ABOUT THIS EXERCISE = Omit all pictures, then retype exactly the lines from the one that contains "Silver Stag Tool" through the end of the listing.
(COLLECTED MATERIAL begins)
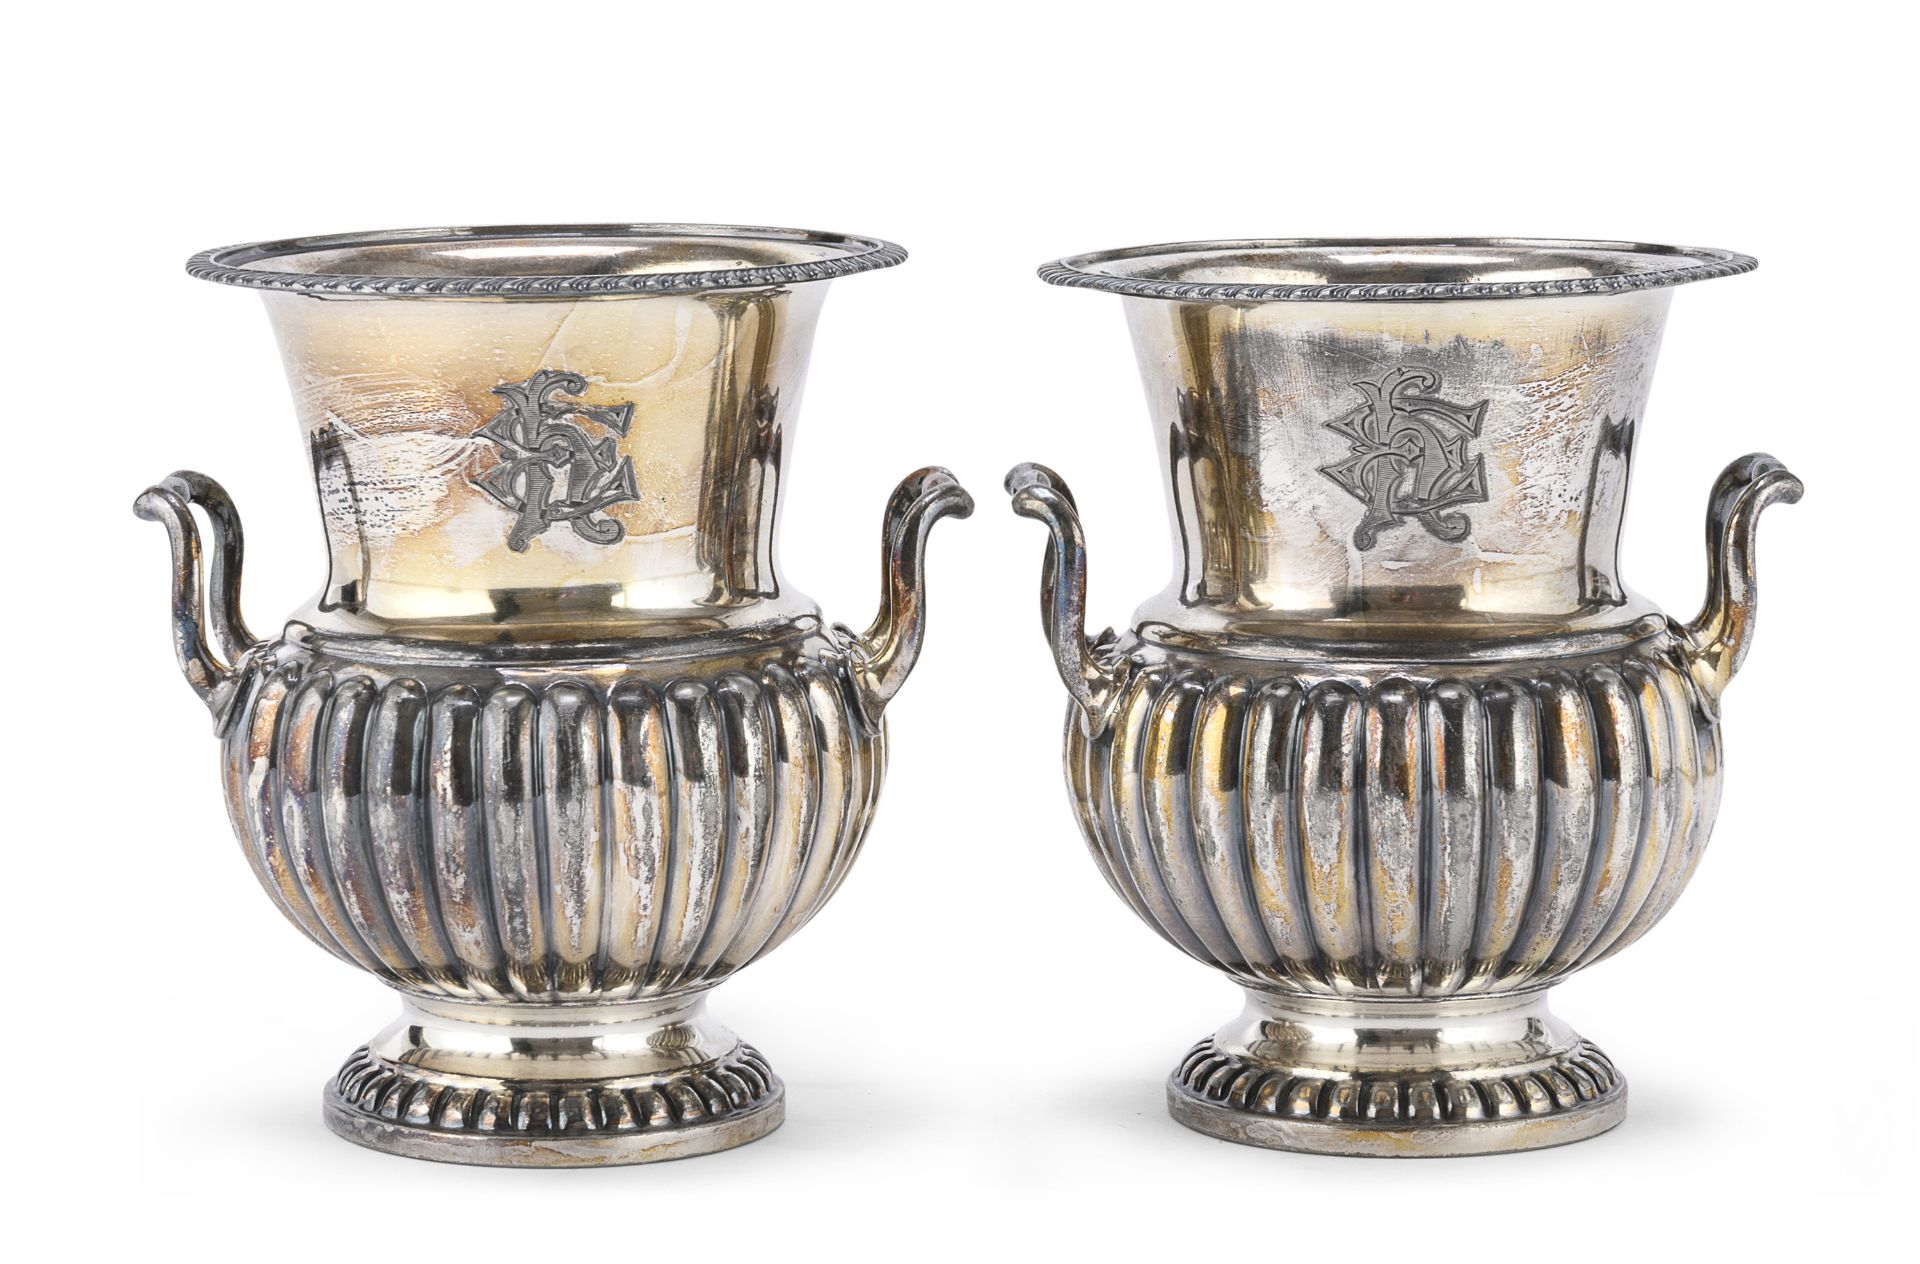 PAIR OF VASES IN SHEFFIELD ENGLAND LATE 19TH CENTURY
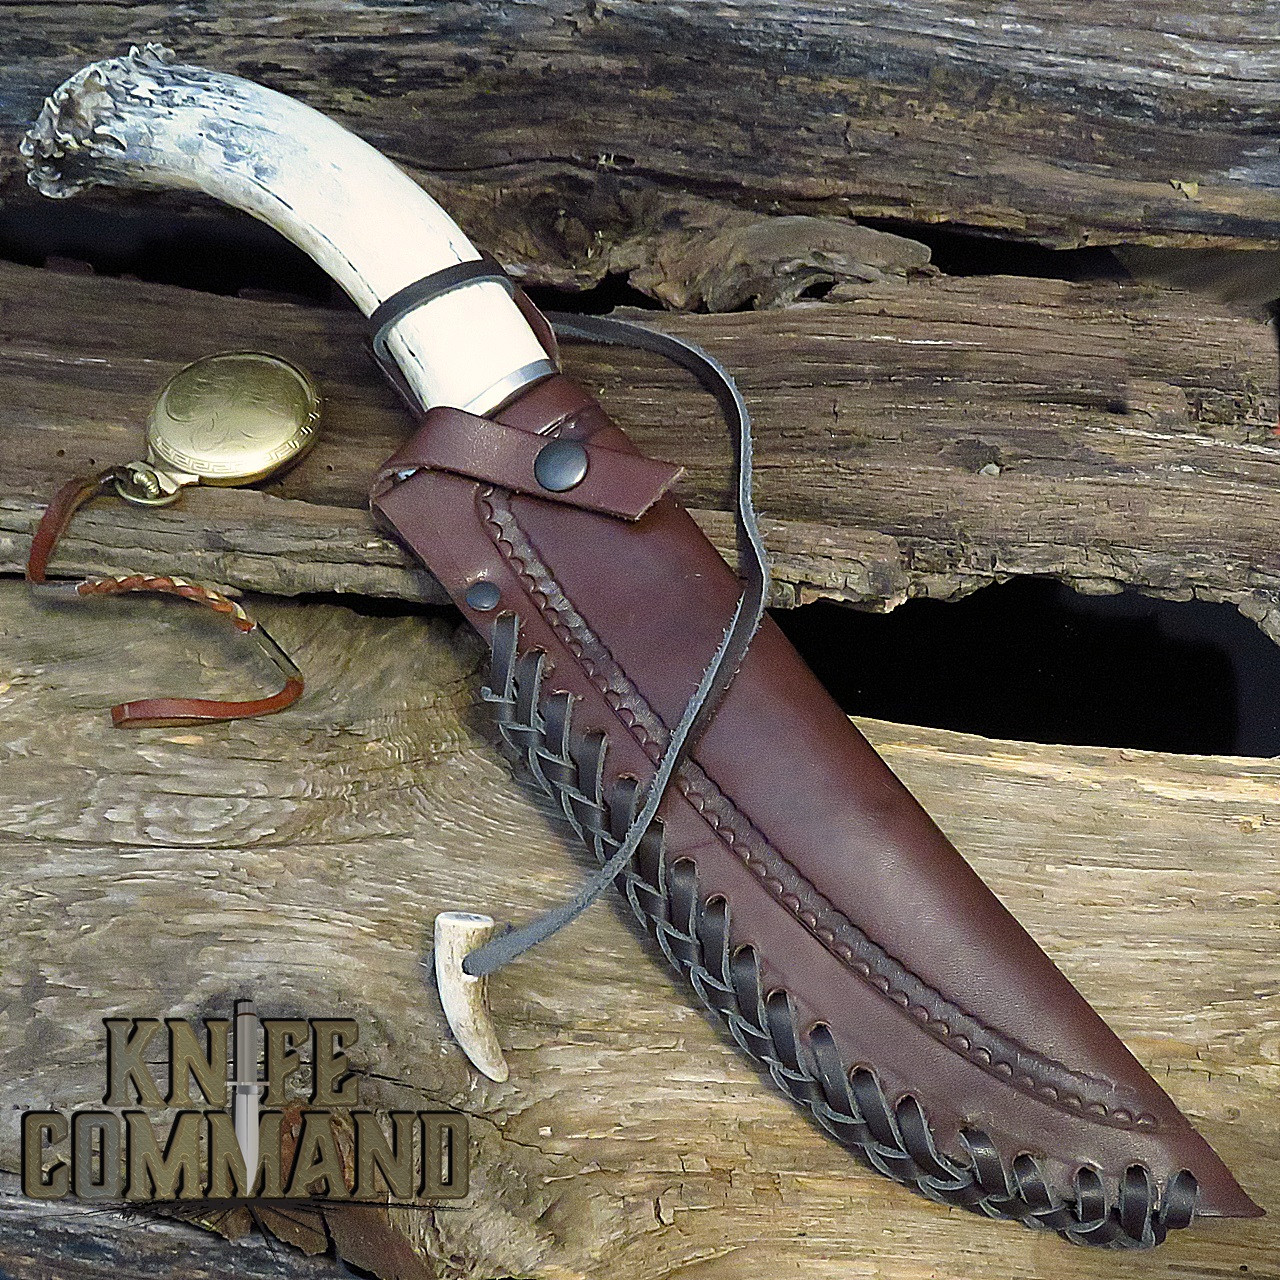 Silver Stag Tool Series Big Bowie SSB10.0 Crown Stag Hunting Knife 10" Clip Point Bowie 1095
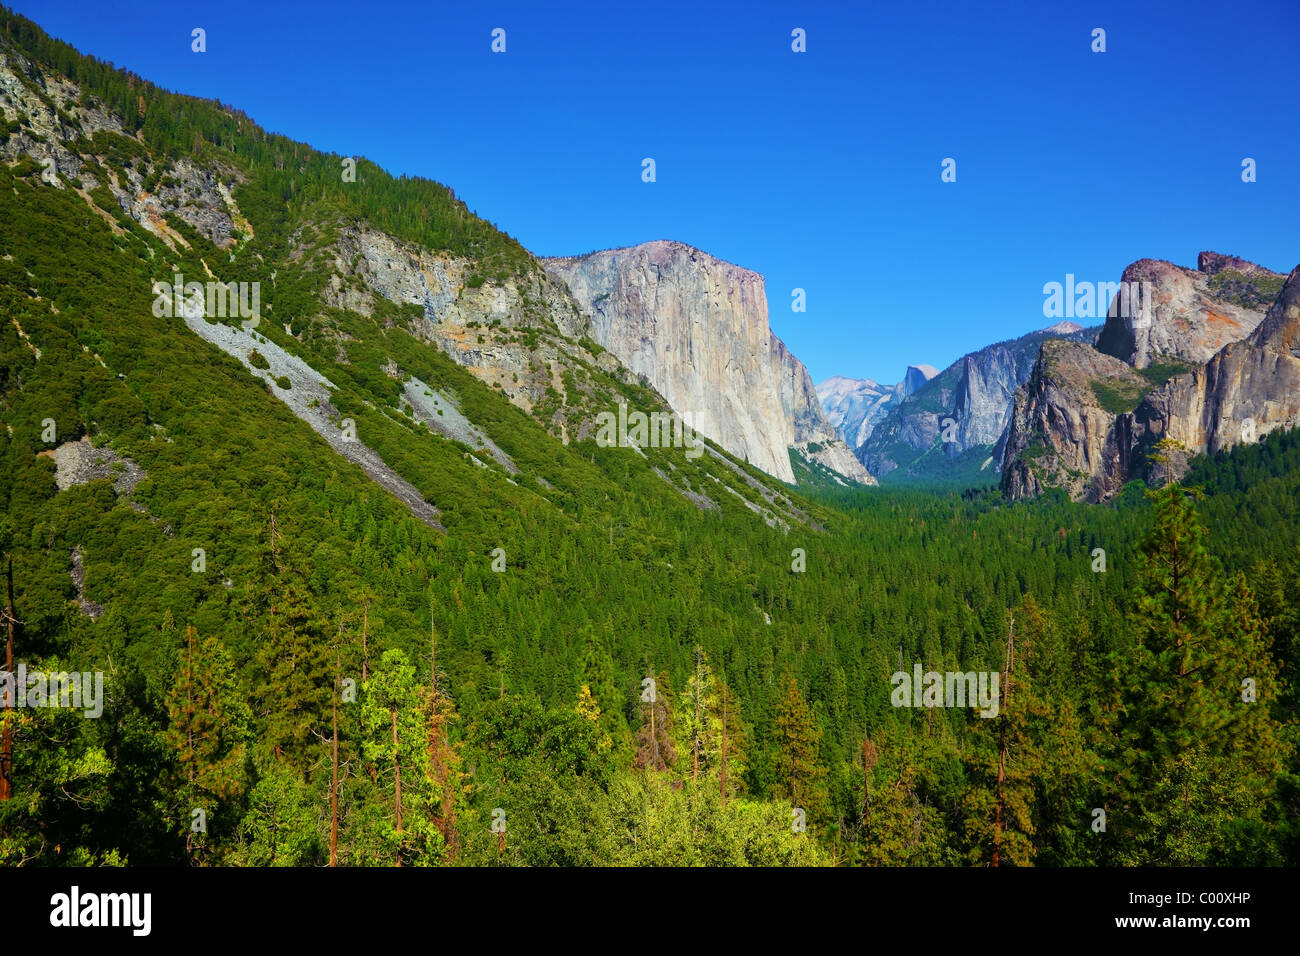 The well-known rocky monolith El-Captain shined by the morning sun. Yosemite park Stock Photo
(COLLECTED MATERIAL ends)
ANSWER BOX =
 Silver Stag Tool Series Big Bowie SSB10.0 Crown Stag Hunting Knife 10" Clip Point Bowie 1095
 The well-known rocky monolith El-Captain shined by the morning sun. Yosemite park Stock Photo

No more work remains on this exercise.